Norsecorp.com/resources/global-perspective tells you where cyberattacks are coming from and who's getting hit. By volume, most are from China. But as a percentage of the population, Iceland and Saudi Arabia are the leaders. Map.Norsecorp.com gives you a live view of ongoing attacks.

• "39 Amazing Facts for National Trivia Day." Today is National Trivia Day, so search on that phrase to see the truly trivial: Apple came out with a dorky line of clothing in 1986. In the ancient Code of Hammurabi, the first set of legal regulations known, bartenders who watered their beer were executed. A baby can cost parents 750 hours of missed sleep that first year. Google was originally named "BackRub." Richard Nixon was at Walt Disney World when he declared "I am not a crook." The Scots have a word for that panicky feeling you get when you're about to introduce someone whose name you can't remember: It's "tartle." Alaska is so big that 75 New Jerseys would fit inside it. (We're sure there's a plan to do this.)

The Deep Web

Most of the web is invisible to Google, according to an article in Popular Science.

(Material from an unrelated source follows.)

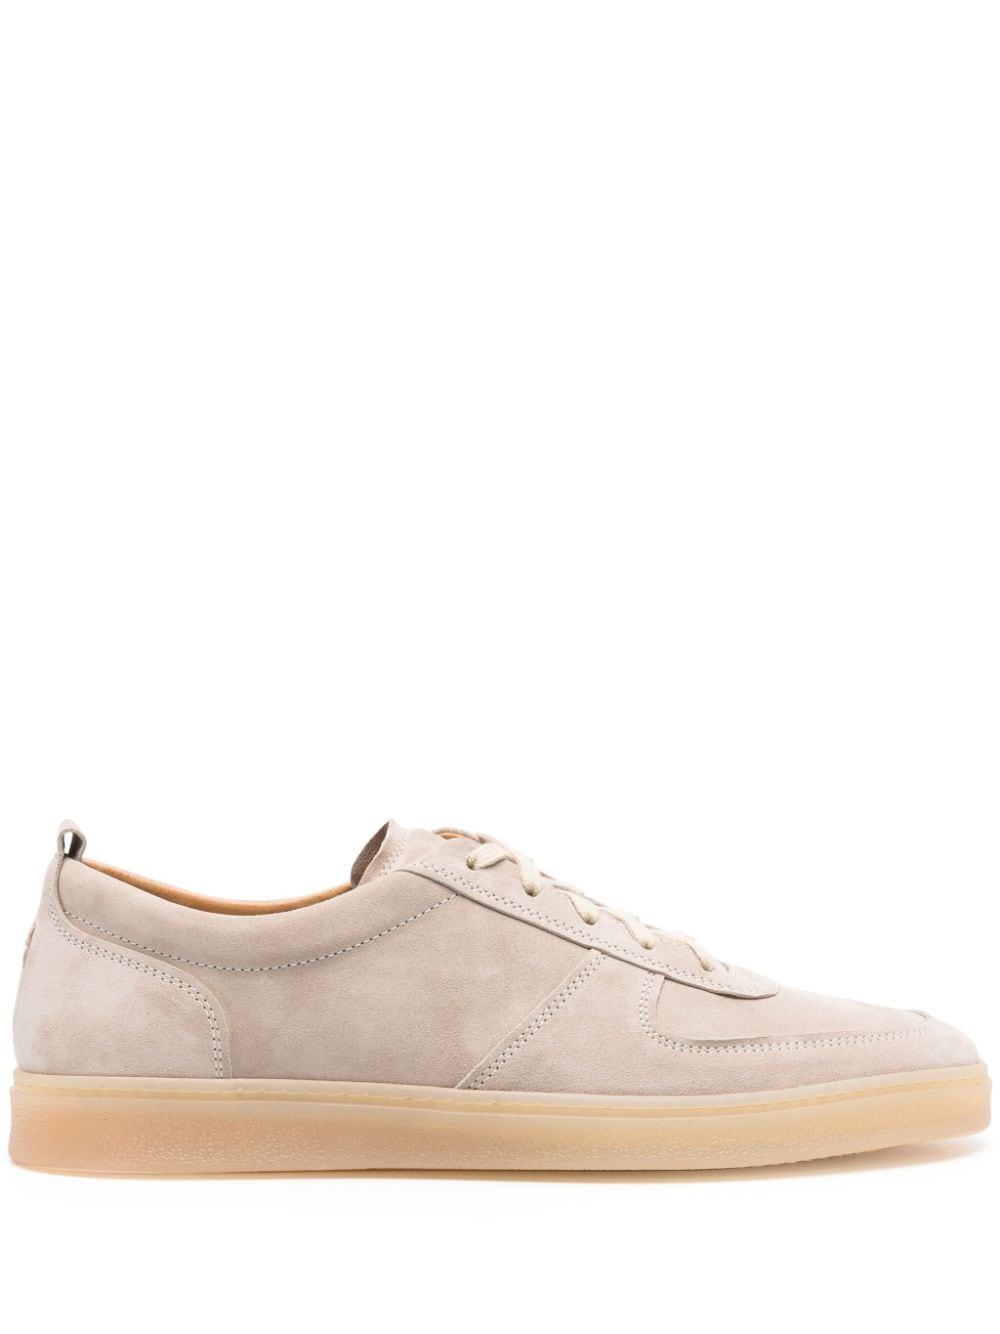 Henderson Baracco Clyde Suede Sneakers In Neutrals

The so-called "Deep Web" is hidden behind password-protected sites, or sites you have to pay to enter, or sites that require special software to view. By some estimates, it's 500 times larger than the Web we see.

Deep into the Deep Web is the "Dark Web," where bad guys lurk. Here you can find drugs, false identities, counterfeit currencies, hit men, human organ suppliers and other illegal stuff. These use software such as Tor to mask websites so law enforcement can't find them. Going into a criminal chat room is strictly by invitation.